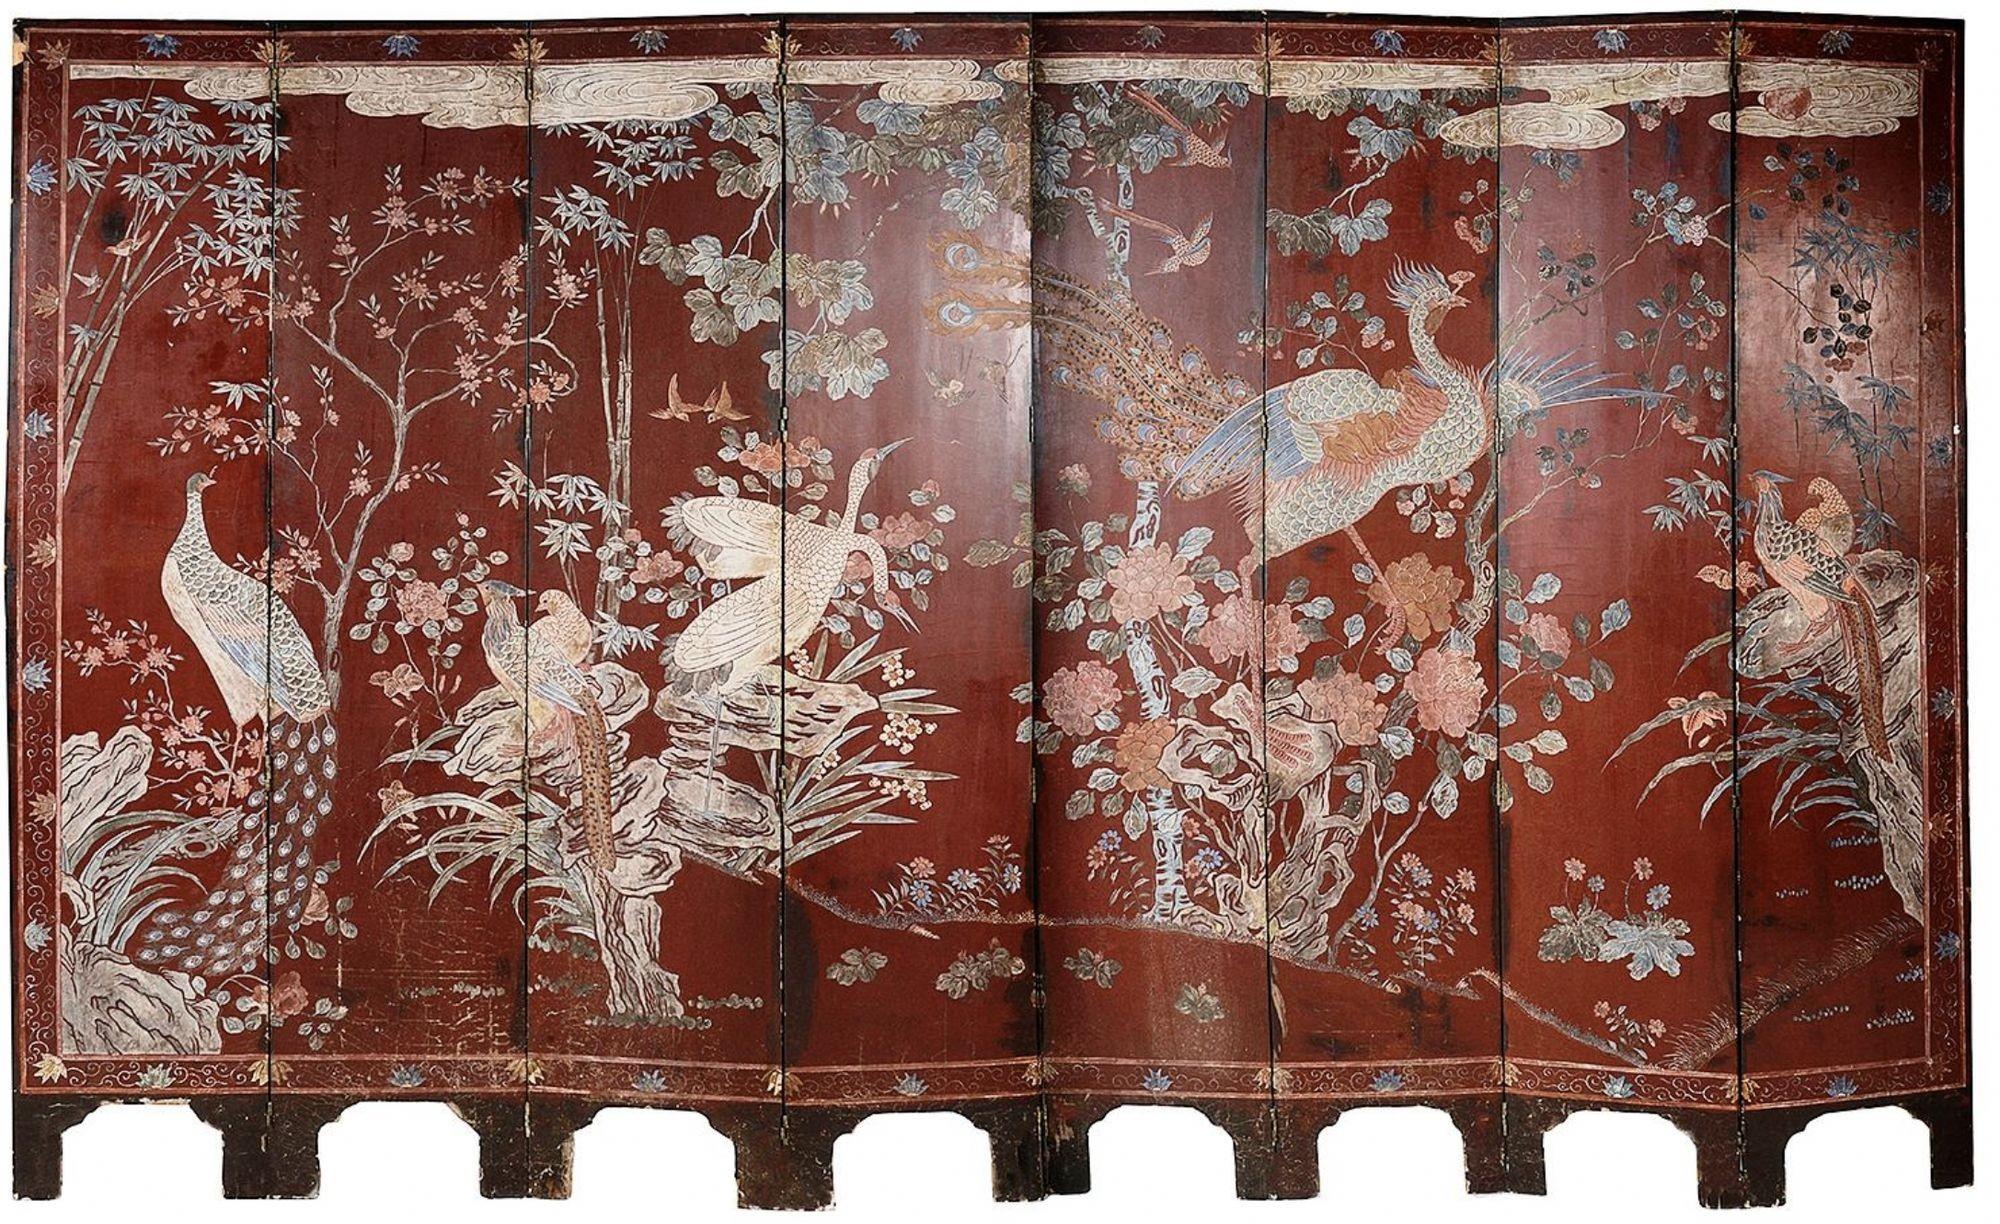 Ein sehr beeindruckender, achtfach gefalteter Paravent aus chinesischem Coromandel-Lack aus dem frühen 19. Jahrhundert, der Höflinge und Bedienstete in Pagodengebäuden und Gärten darstellt, umgeben von Blumentöpfen, Vasen und Gefäßen. Die Rückseite
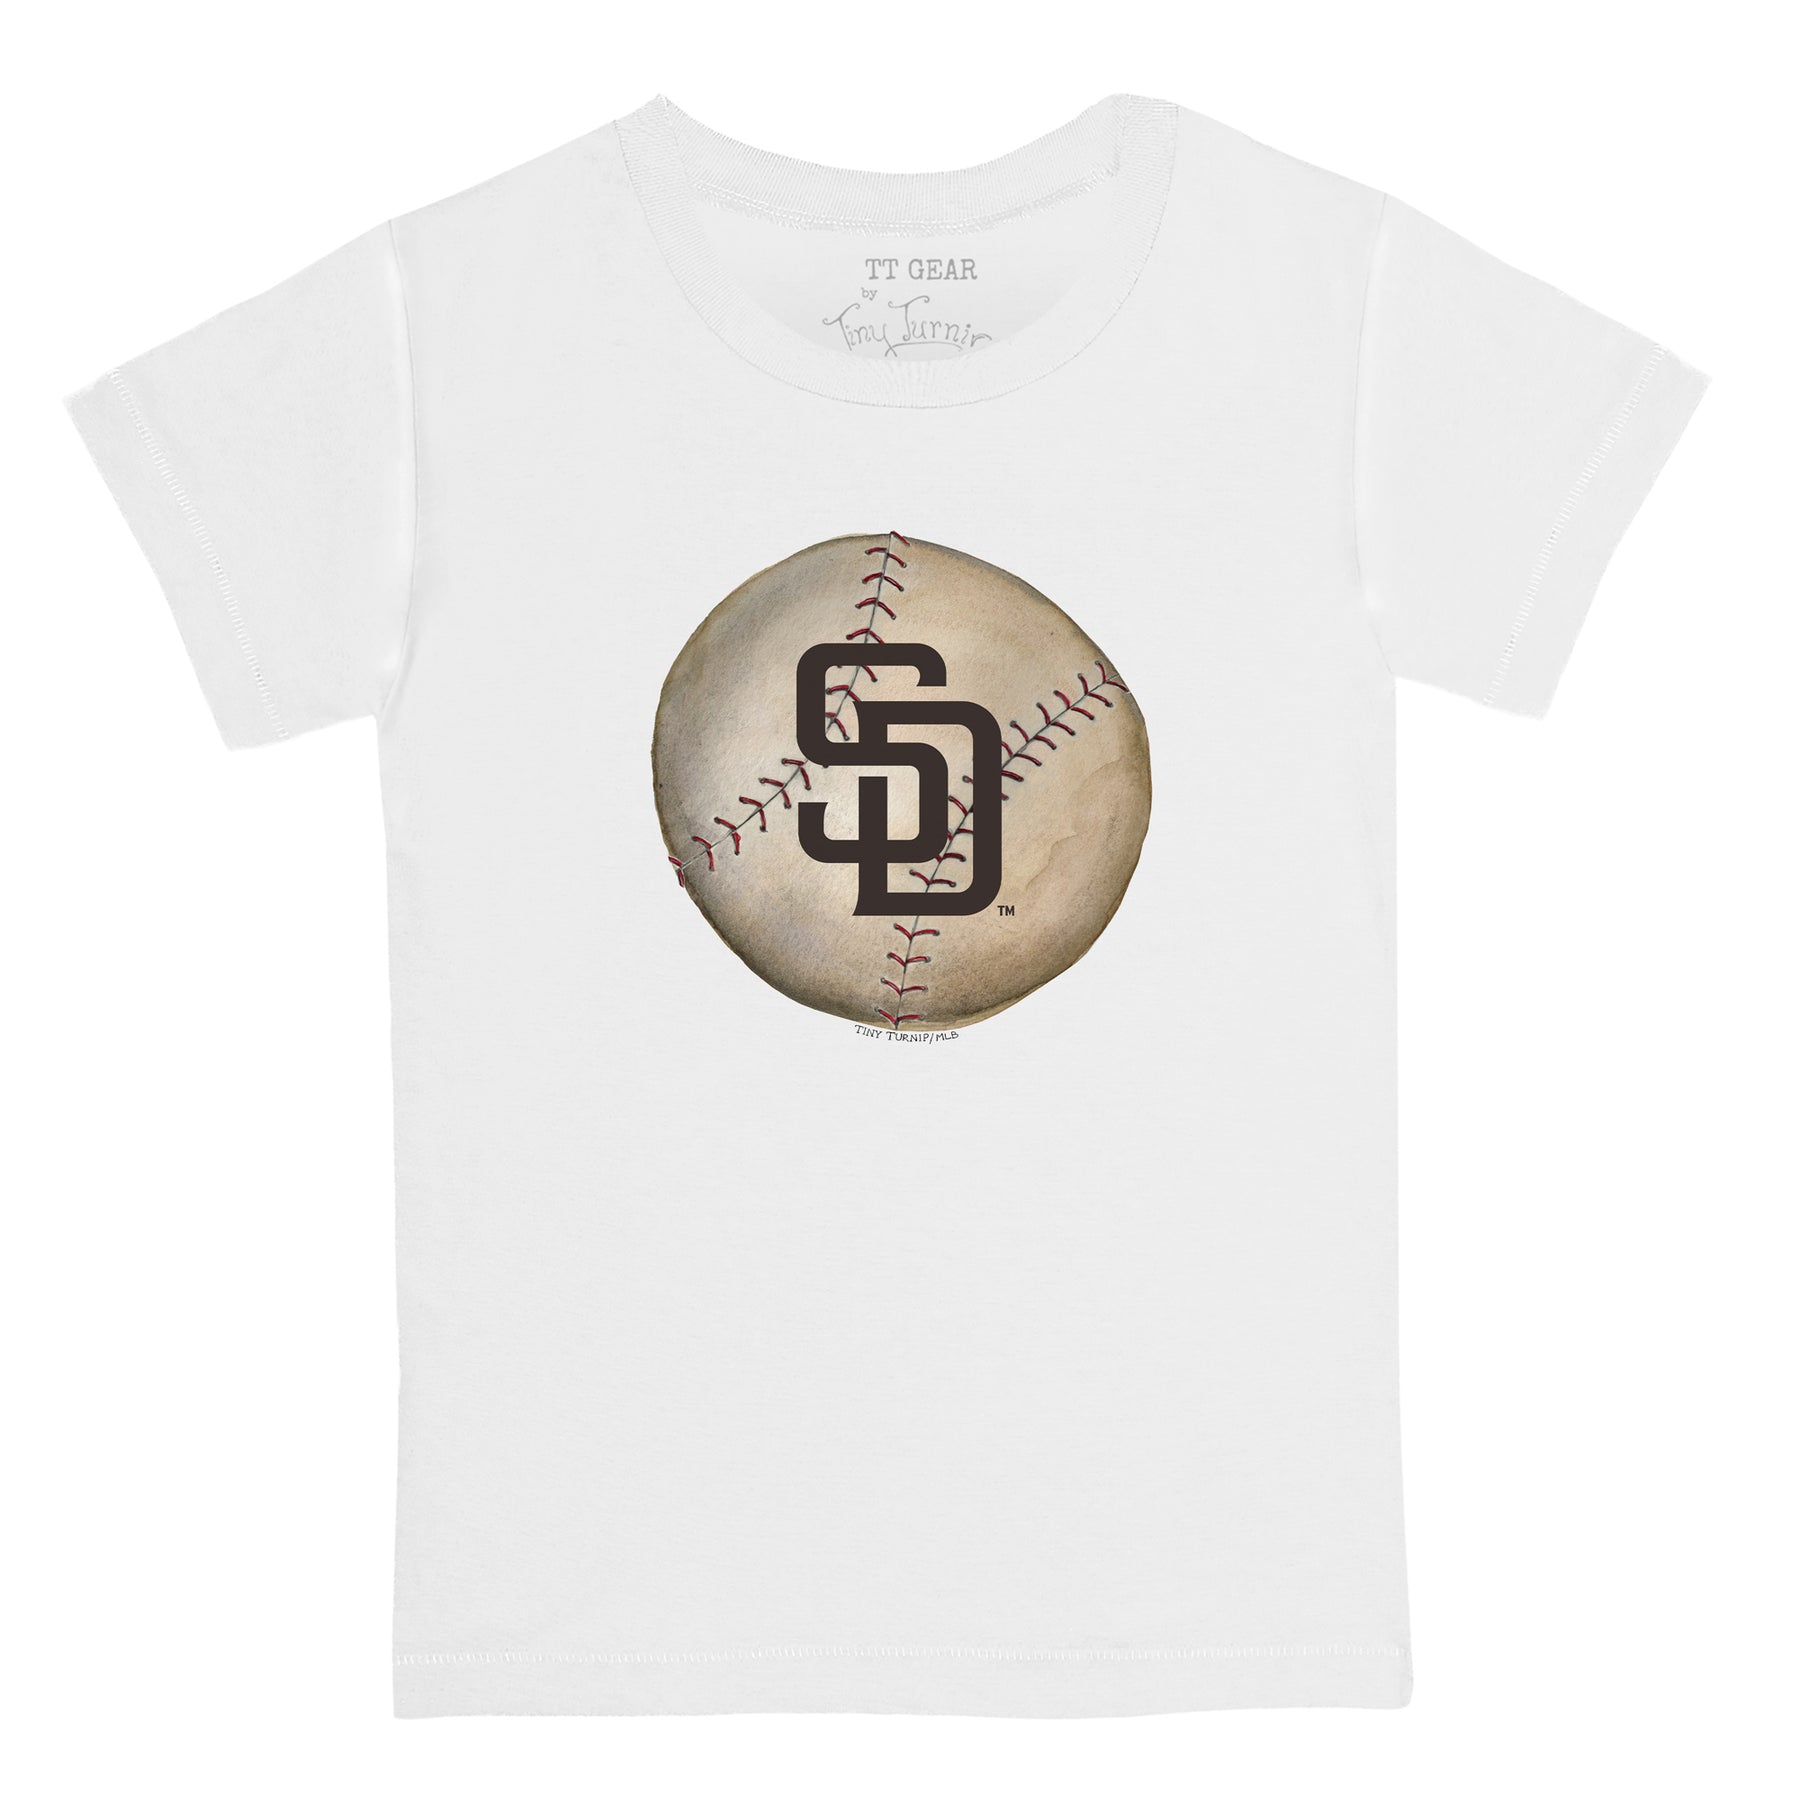 Toddler Tiny Turnip White Houston Astros Baseball Bow T-Shirt Size:3T
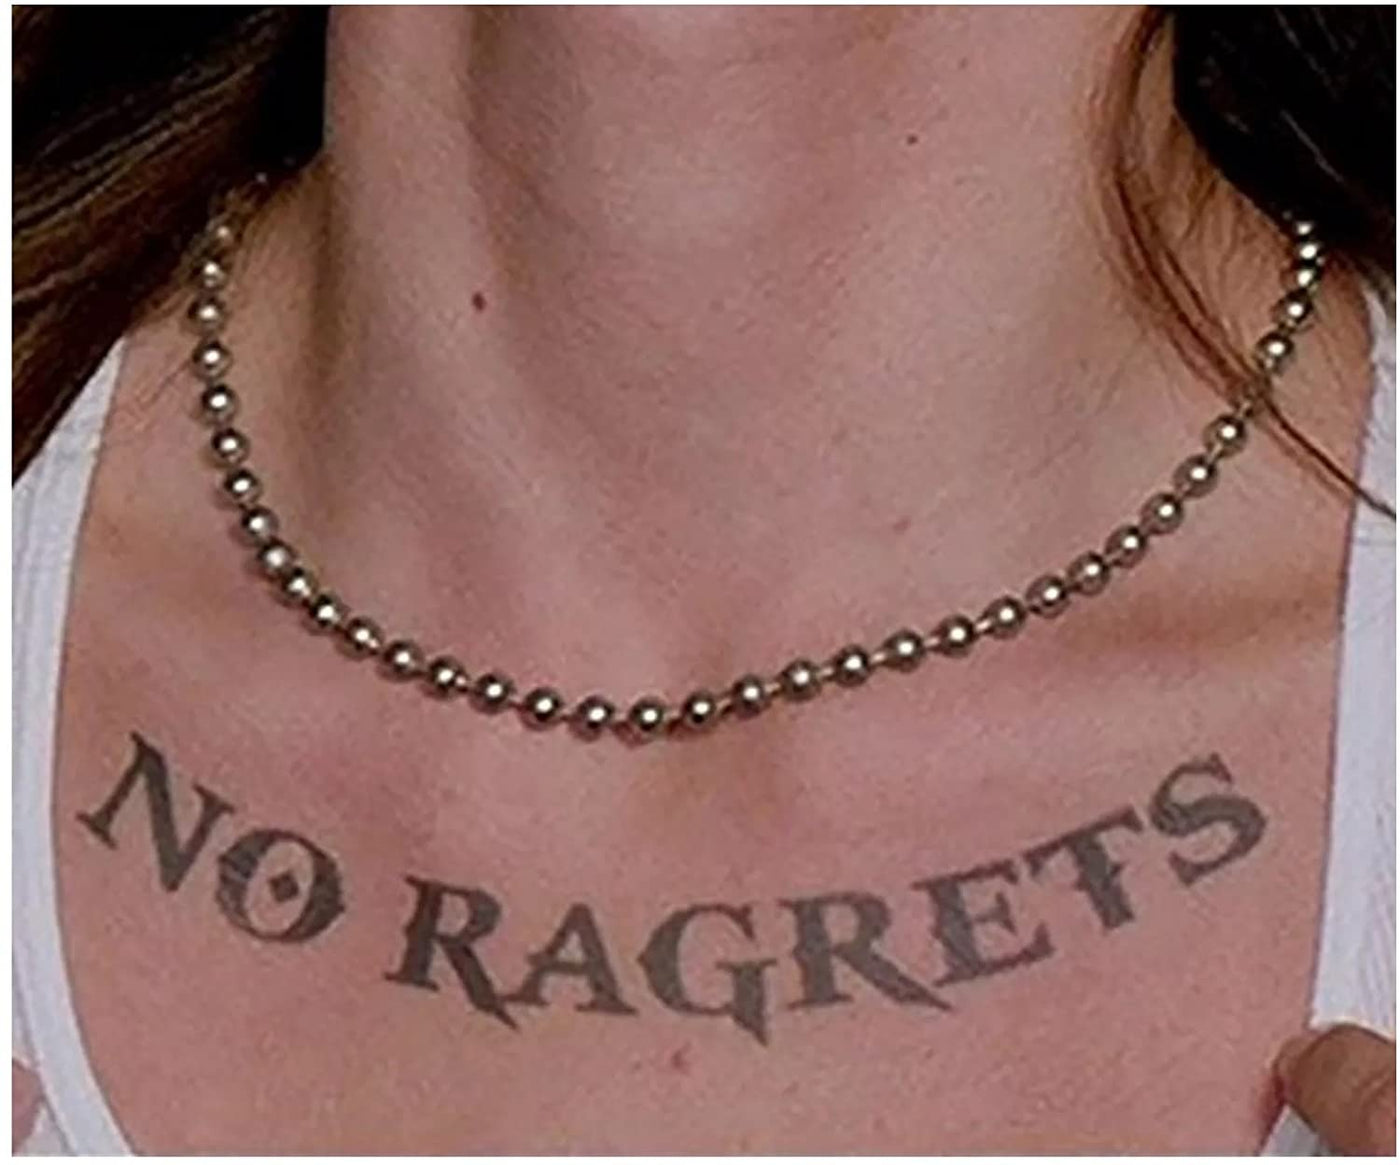 No Ragrets Necklace
────────────────────
> _Exercise_
Give back every line of the material above word for word, leaving out the pictures.

> _Written solution_
 Ein sehr beeindruckender, achtfach gefalteter Paravent aus chinesischem Coromandel-Lack aus dem frühen 19. Jahrhundert, der Höflinge und Bedienstete in Pagodengebäuden und Gärten darstellt, umgeben von Blumentöpfen, Vasen und Gefäßen. Die Rückseite
 Toddler Tiny Turnip White Houston Astros Baseball Bow T-Shirt Size:3T
 No Ragrets Necklace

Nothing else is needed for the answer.